Ms. Loomis and Mr. Buffett at a Fortune magazine event in Washington in 2010. 
  Credit Jemal Countess/Getty Images for Time Inc.

“I think it’s good that we’re out here on our own, don’t have to send money to Time Warner, and we sent a lot of money to Time Warner,” she said.

When Ms. Loomis started at Fortune, she was surrounded by journalistic luminaries. The magazine’s masthead included Hedley Donovan, who would go on to succeed Henry Luce as the editor in chief of Time Inc. William H. Whyte, author of “The Organization Man,” the seminal book about corporate culture, and the famed photographer Walker Evans, were also on the magazine’s staff.

She soon became a luminary herself. Among her influential articles was a 1966 piece about another former Fortune employee, Alfred Winslow Jones, considered the father of the hedge fund industry.

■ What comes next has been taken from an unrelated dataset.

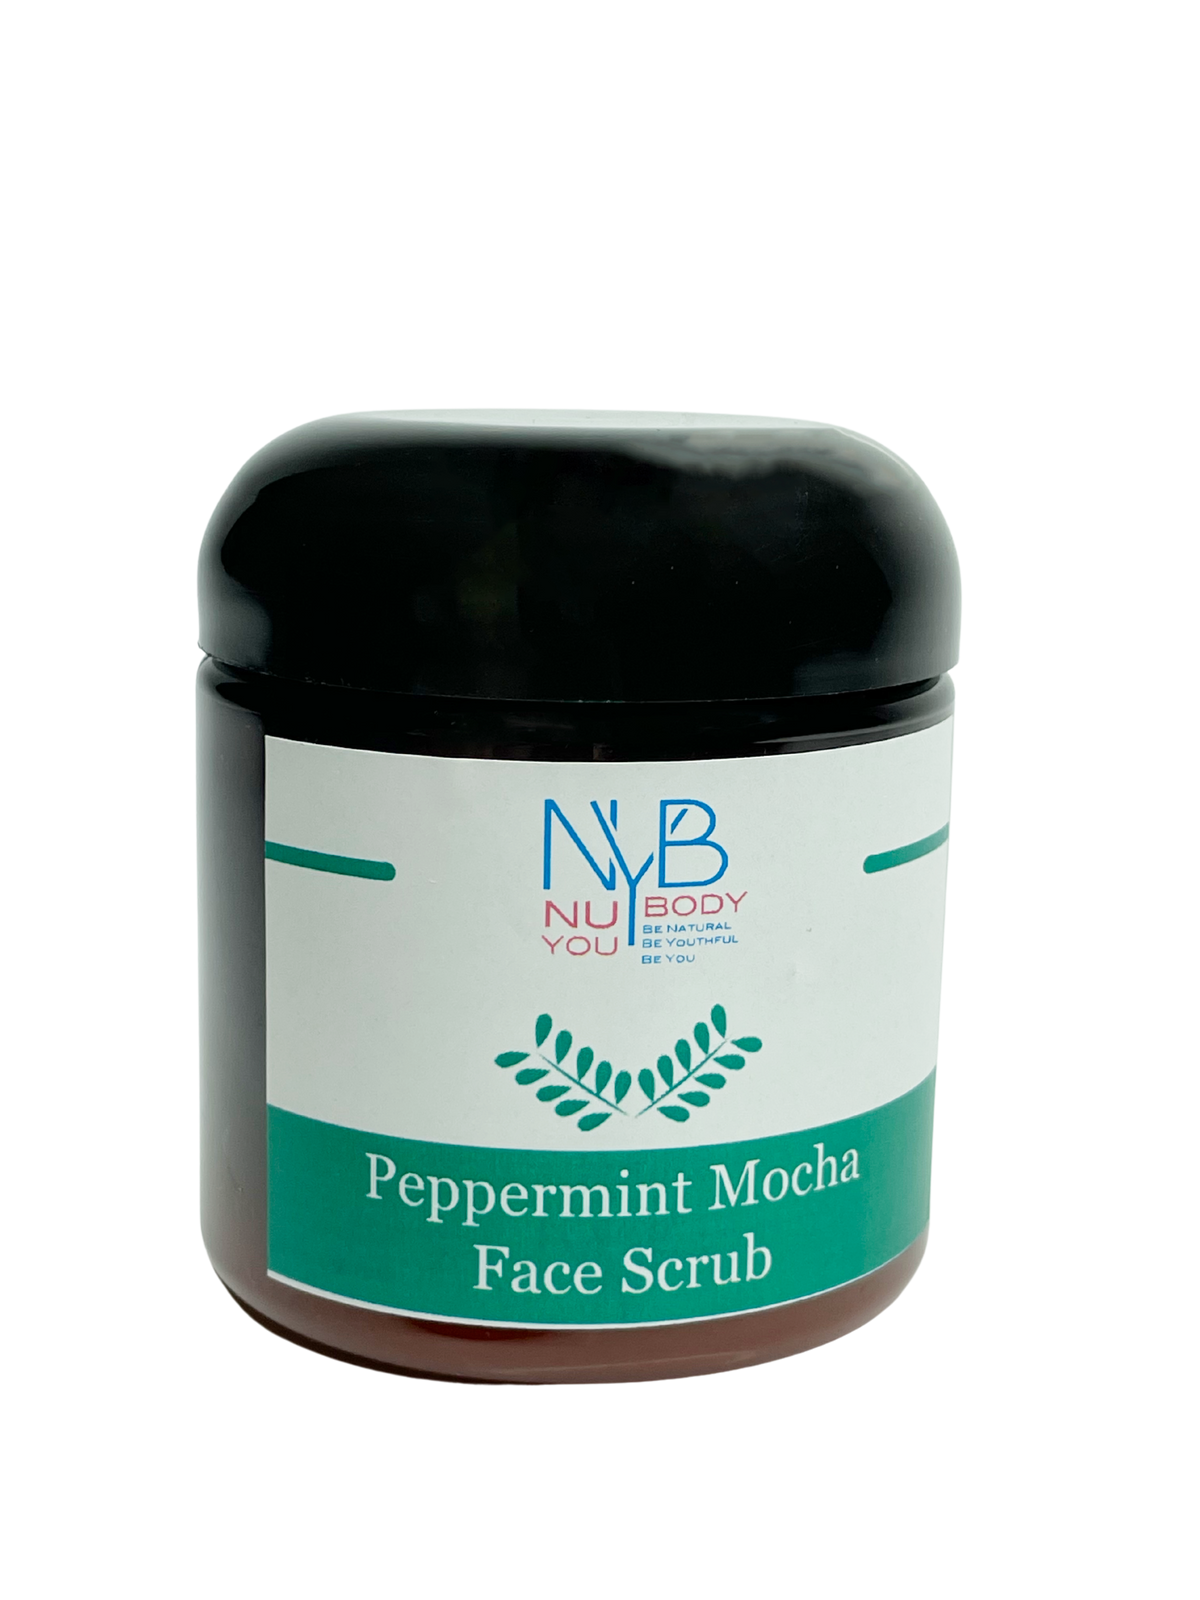 Peppermint Mocha Face Scrub

For decades, readers contacted Fortune for copies of the piece to use as a blueprint for using hedging techniques to make money on both rising and falling stocks. Ms. Loomis cast something of a skeptical eye on Mr. Jones’s fund, calling his record in forecasting the market “only fair.”

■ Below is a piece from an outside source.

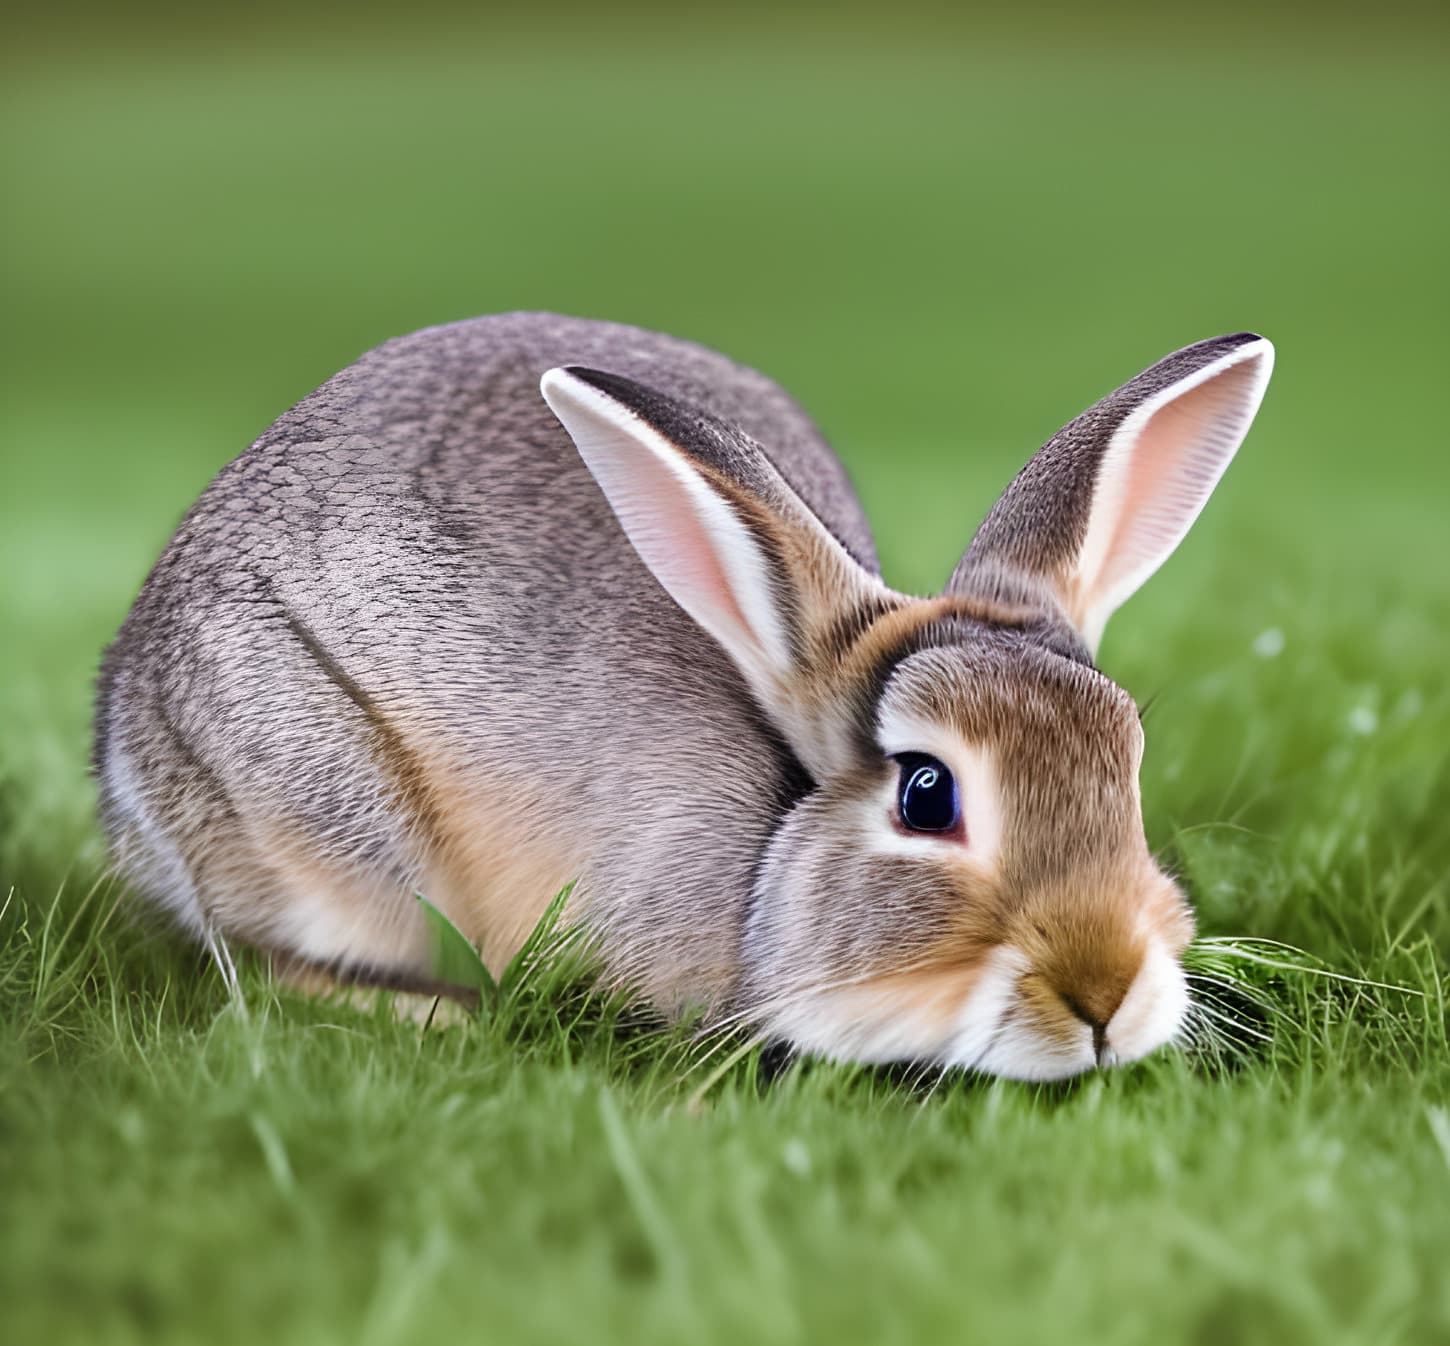 Bunny, Urocza, królik, zbliżenie, trawnik, trawa, gryzonie, Głowica

Alan Farnham, a former Fortune writer who worked at the magazine during the 1980s and ’90s, said Ms. Loomis taught him how much work went into producing great journalism. He worked for her as a researcher, and remembers her arriving at the office with a suitcase of documents and poring over them for days.

“She would research something to the nth degree before any of the interviewing started,” he said. “It was evident by every word and deed that she was committing herself to an uninterrupted siege of work.”

Fortune’s editors helped Ms. Loomis over her six-decade career — she is Time Inc.’s longest-serving employee — by allowing her a flexible schedule. In 1968, after she had her second child, her editors let her take summers off. As she hit her mid-60s, she cut her schedule to working seven months a year. And last year Andrew Serwer, Fortune’s managing editor, agreed to cut back her output to three lengthy features a year.

“We wanted to keep her and we wanted to keep her happy,” Mr. Serwer said. “You should be flexible for your most important employees.”

She was introduced to Mr. Buffett by her husband, John, a retired partner at First Manhattan, the New York investment manager. The couple, married 54 years, are longtime Berkshire Hathaway shareholders. They raised two children in Larchmont, N.Y., the Westchester suburb where they still live.

Now that she is officially retired, Ms. Loomis said she hoped to first catch up on the lunches she missed while finishing her article on Mr. Fink and BlackRock. She also needs to find a place for the nine boxes of reporter’s notes cluttering her garage. And she looks forward to playing more golf and bridge.

Ms. Loomis also plans to continue her regular conversations with Mr. Buffett and assist him with his writings. After editing the Berkshire Hathaway shareholder letter for nearly 40 years, she likes to remind Mr. Buffett that he still needs her help. She said that dangling participles and the passive voice were persistent problems.

“I kid him,” she said, “that he missed the class on active verbs.”